El 7 de marzo se conmemora el Día Mundial de la Lectura, una fecha destinada a promover este hábito y recordar que aún hay 700 millones de personas en el mundo que no saben leer ni escribir. En este contexto, España se destaca como un país donde la lectura se ha consolidado como una de las actividades recreativas más apreciadas, según los últimos informes del Ministerio de Cultura.
Por primera vez, más del 65% de los españoles dedica tiempo a la lectura por placer, marcando un avance significativo en la cultura del país. Desde 2017, el porcentaje de lectores ocasionales ha crecido casi seis puntos, mientras que los habituales, aquellos que leen al menos una vez por semana, superan el 50%. Esta evolución no solo responde a la voluntad individual, sino también a iniciativas gubernamentales y esfuerzos comunitarios que buscan hacer de la lectura una experiencia accesible para todos.
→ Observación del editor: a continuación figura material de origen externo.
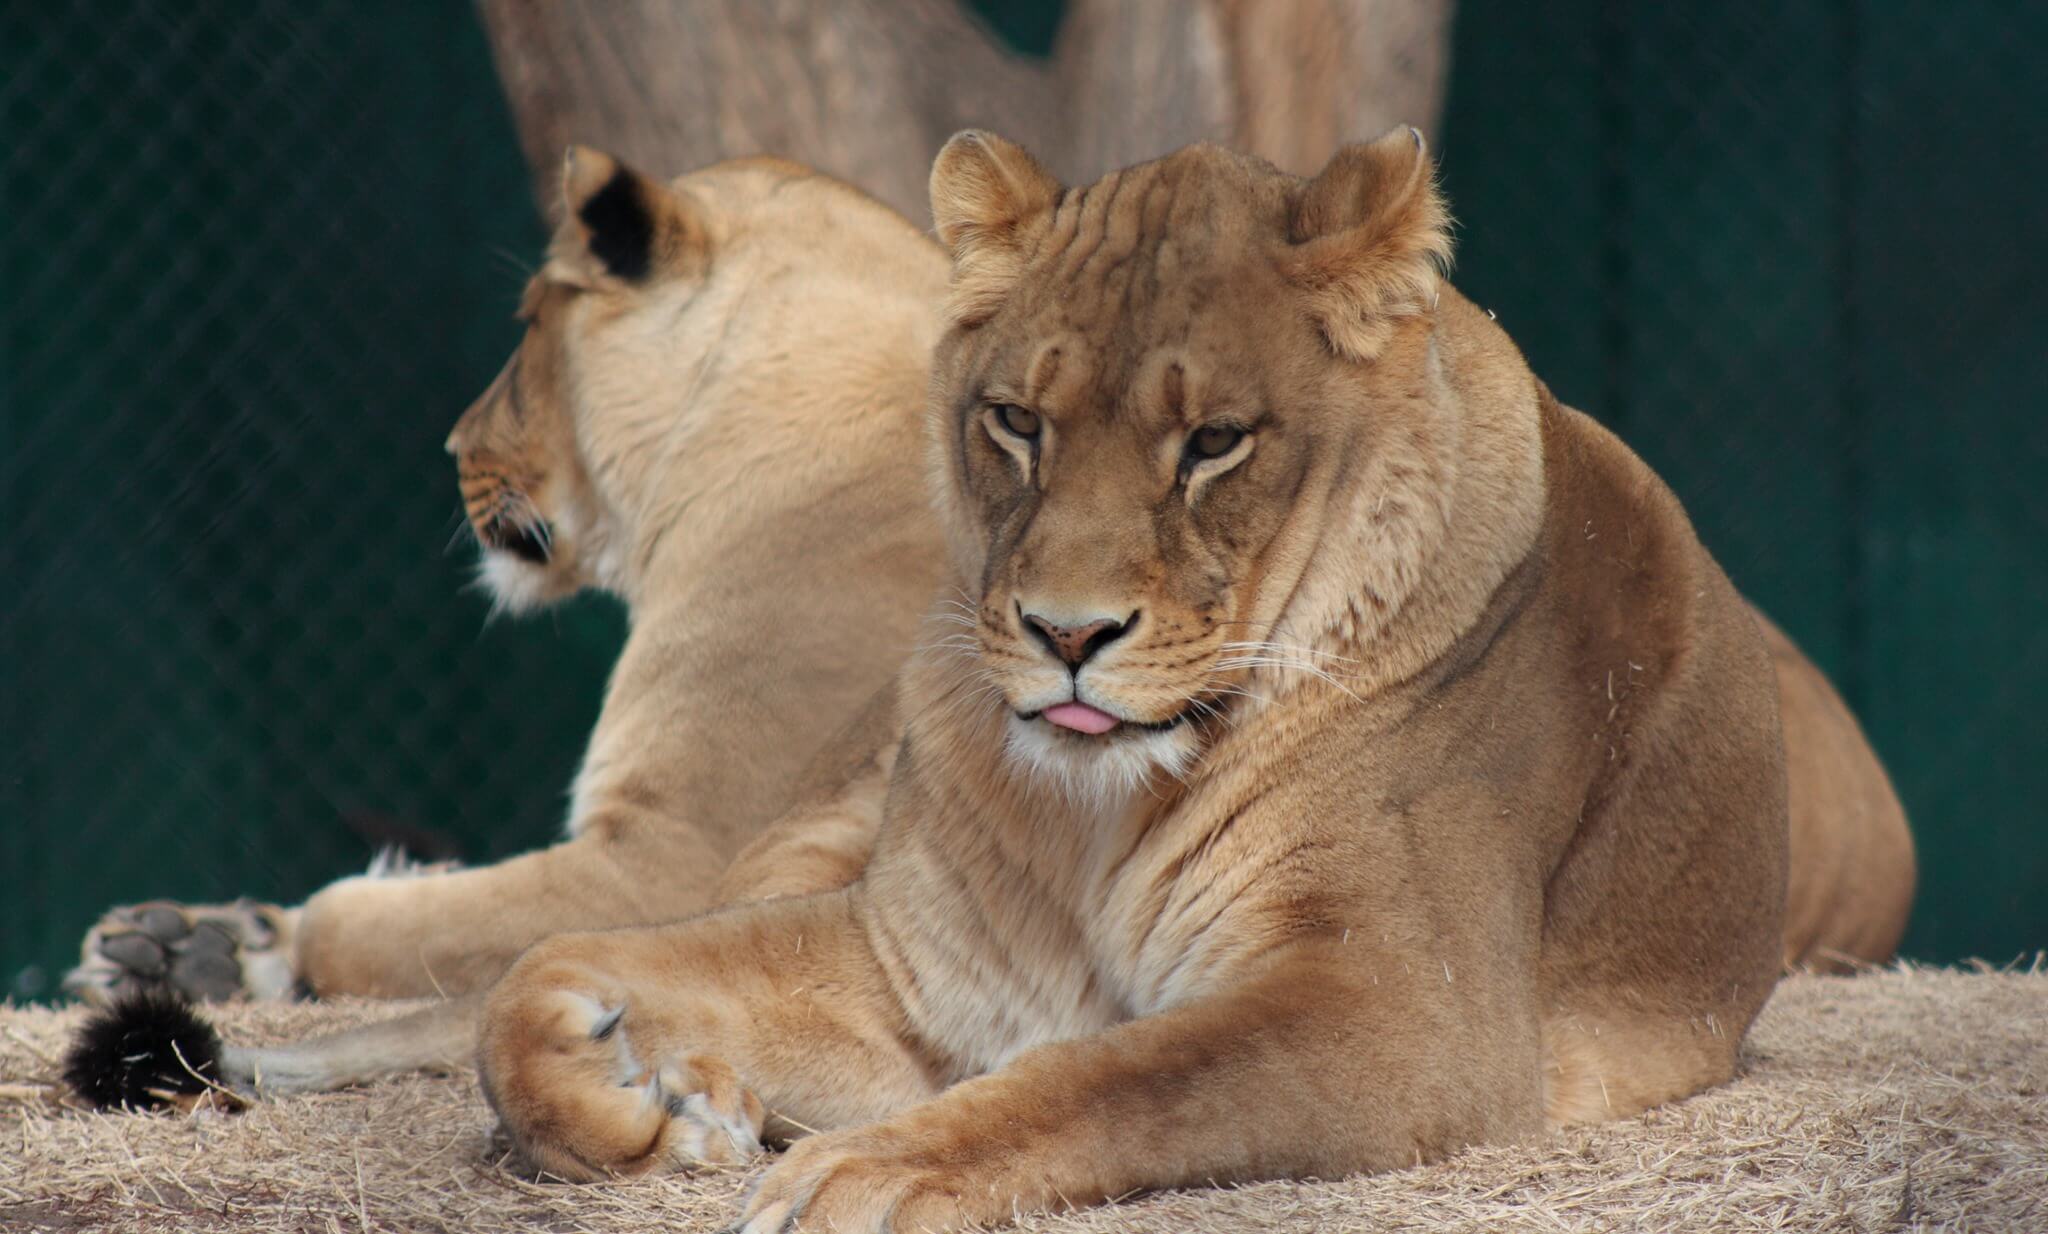 lionesses at the amarillo zoo

El perfil del lector en España es variado, pero se identifica un grupo predominante: mujeres jóvenes, con educación universitaria y residentes en áreas urbanas. Sin embargo, el interés por la lectura se extiende a diversas edades y segmentos sociales. A pesar de estos avances, persisten desafíos, como cerrar las brechas existentes entre diferentes regiones y grupos demográficos. En cuanto a los formatos, el 31,7% de la población opta por lecturas en formato digital, reflejando un cambio en los hábitos de consumo literario, especialmente entre los más jóvenes.
La falta de tiempo se mantiene como la principal barrera para aquellos que no leen regularmente, con más del 40% de estos mencionando este motivo. Adicionalmente, el cansancio tras el uso prolongado de dispositivos electrónicos y la preferencia por otras formas de entretenimiento son factores que contribuyen a esta situación.